Friday, October 30, 2020

Psychic AI and Plagiarism Detection

 Artificial Intelligence is used to sell a lot of baloney. It would be bad enough it were used only to teach badly and provide poor assessments of student work, but AI is also being hawked as a means of rooting out plagiarism. For an example of this phenomenon at its worst, let's check in on a little webcast from Mark Boothe at Canvas Learning Management System. He's talking to Shouvik Paul at Copyleaks, a plagiarism checking company and partner of Canvas. I'm going to watch this so you don't have to--and you shouldn't. But you should remember the names just in case somebody at your place of work suggests actually using these products.

We start with a quick intro emphasizing Copyleaks' awesomeness. And then Boothe hands it over to Paul, the Chief Revenue Officer at Copyleaks, because when you want to talk about a product, you definitely want to talk to the revenue people at the company. Incidentally, sales and marketing has been Paul's entire career--no computer or education background anywhere in sight. But this is going to be a sales pitch for thirty-some minutes. Great.

First, Paul offers general background on Copyleaks. An AI company, building "very cool" stuff. That includes a product that does grading of essays on standardized tests. It takes humans hours, but their Ai can grade those papers "within seconds" within 1% accuracy of a human grader. Spoiler alert: no, it can't. They have offices around the world. 

So they were working on ed tech, and "as we all know" everyone from universities through k-12 is using some kind of plagiarism detection (oh my lord-- does that mean there are first grade teachers out there running student paragraphs through turnitin?). Paul says they found that some of the technology out there was outdated, meaning that when you're out there in education dealing with students, "it's such a cat and mouse game--they're always looking for new ways to beat the system." So we're going to adopt a cynical premise about those awful students as a starting point. Great. 

"Let's face it. What's the first thing a student's going to do? They're going to youtube, and they're going to type in something like 'how to cheat plagiarism check' Right?" And he is showing us on screen many many many videos on how to beat the plagiarism detection software out there. The most common recommendation is to paraphrase.

So they asked themselves why plagiarism detectors weren't detecting paraphrasing and the answer they came up with is "paraphrasing is really complicated" which I guess is more esteem-affirming than "software is really stupid and doesn't actually understand words." That admission would also have implications for a software product that claims it can grade an essay in a second.

But take "I'm going to Utah." Paul points out there are only a few ways to say that, which is just wrong, unless you're not very bright or don't have a very big vocabulary.
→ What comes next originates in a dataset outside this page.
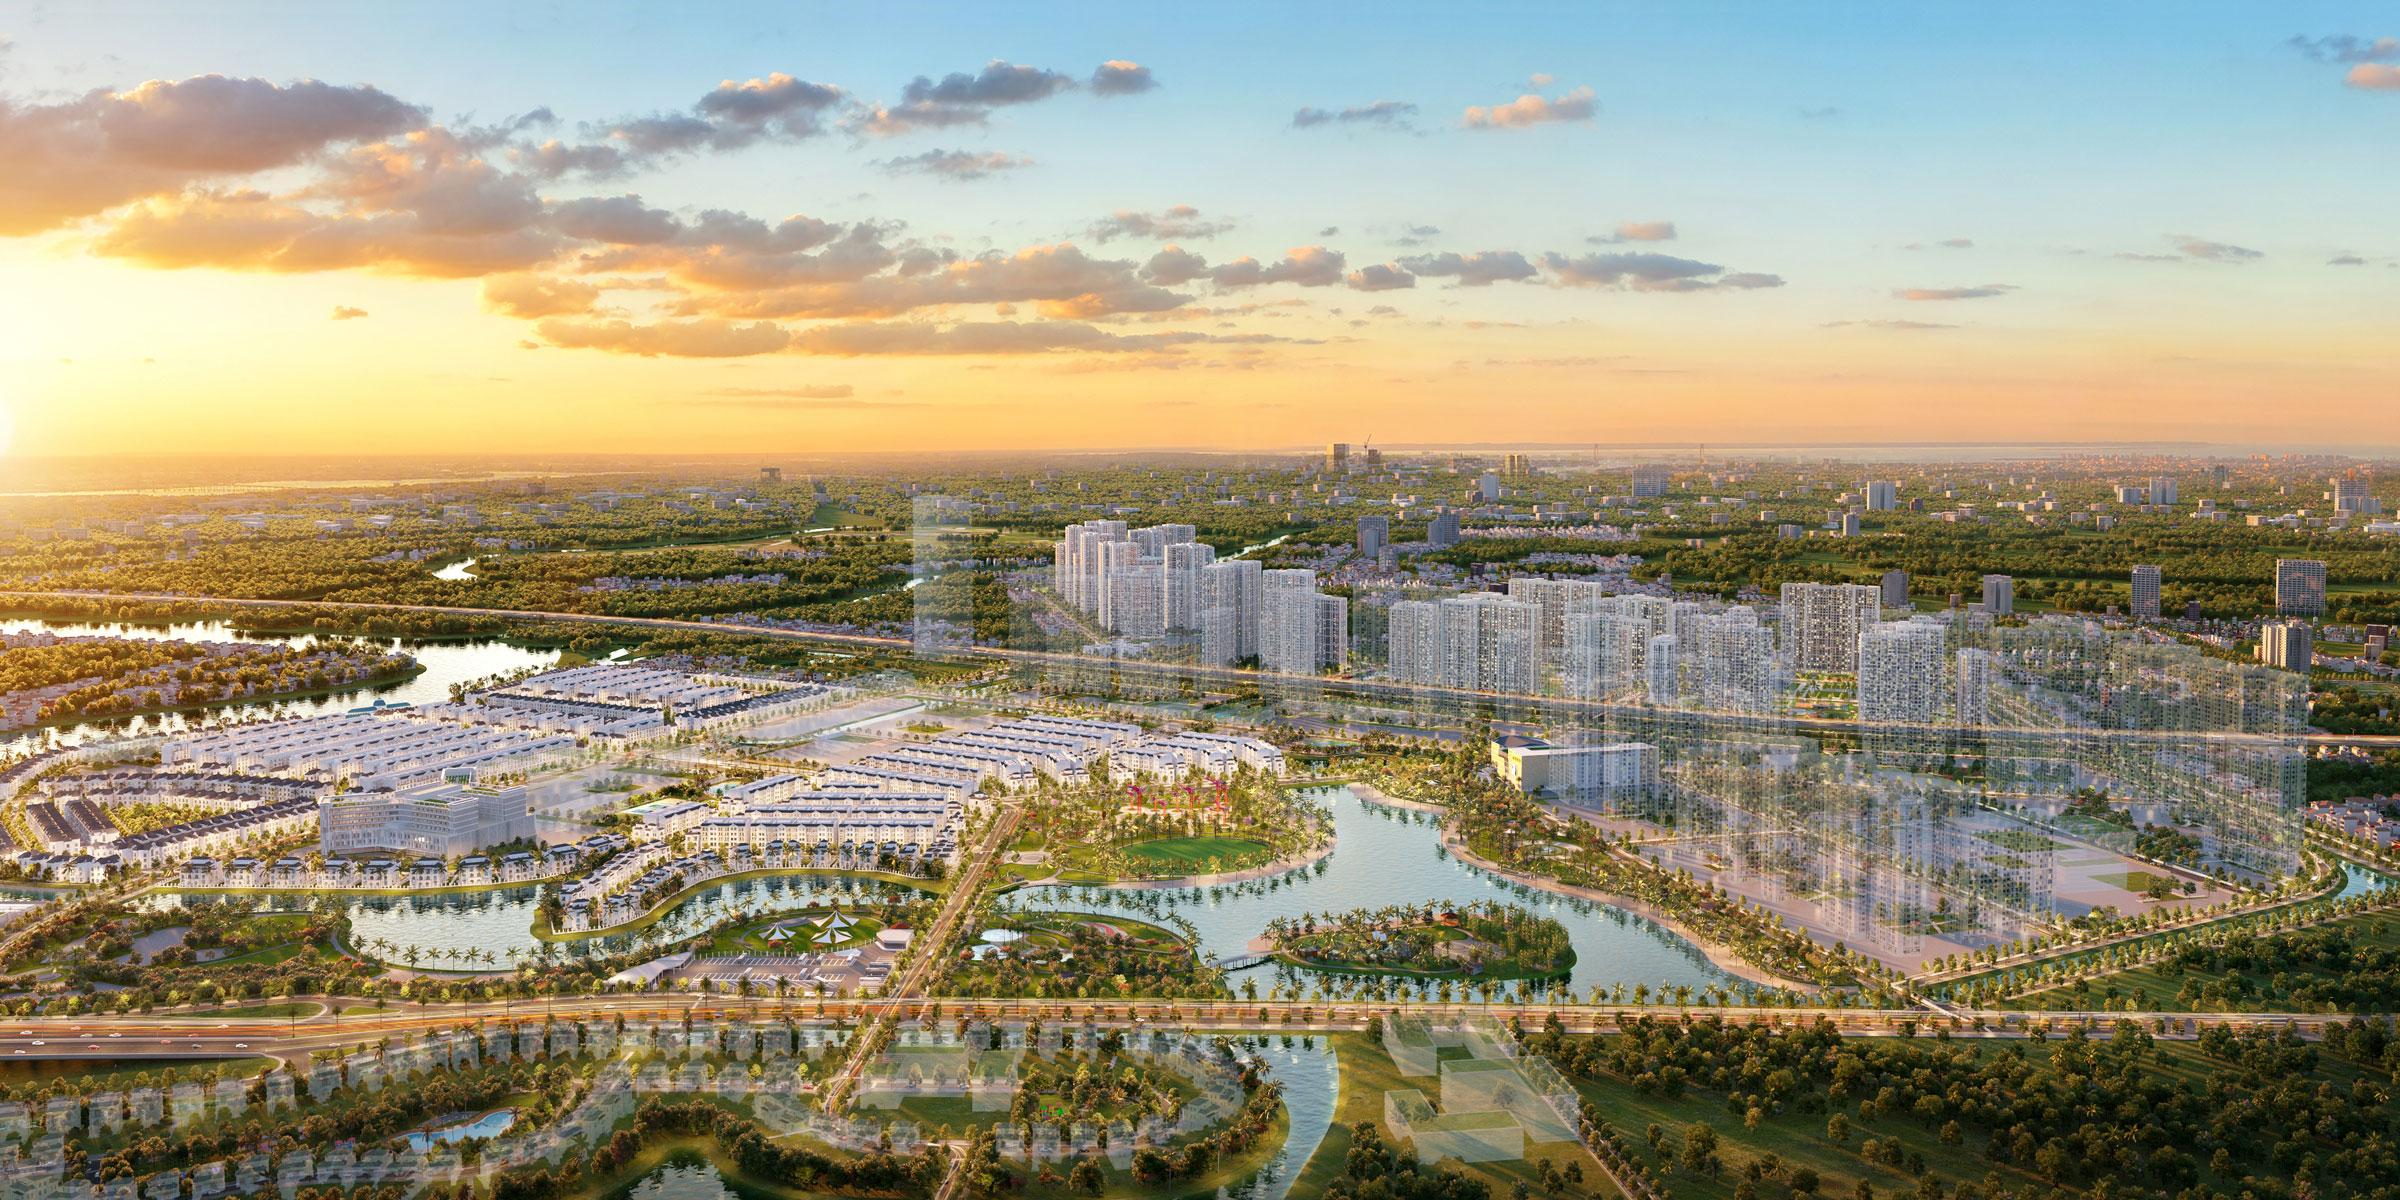 Hơn 25% giá trị tài sản Vinhomes tập trung tại các đại dự án Grand Park, Long Beach Cần Giờ... - Ảnh 1.

I toyed briefly with listing all the many ways one could write that sentence, but none of us have the time for that. Paul points out that millions of people might write it the same way, but that doesn't mean they're plagiarizing--there's just only "that many" ways to say it. It occurs to me that an important factor here is the reasons that someone would want to write the sentence in the first place, but I don't believe we're thinking that hard about the problem.

All of that is beside the point of paraphrasing, so he heads back to that, suggesting that they figured (he keeps saying "we" and how much do you want to bet that the revenue and sales teams were not actually a part of any of these product development discussions) that AI could be used to detect paraphrasing (because AI is like magic fairy dust sprinkled by unicorns pooping rainbows). 

And boy does he believe in magic, because he says the goal was to spot paraphrasing done with the intent of beating the system, and if there were software that could somehow read the writer's intent, that would be beyond amazing, since even humans have trouble sometimes detecting author's intent in a piece of writing.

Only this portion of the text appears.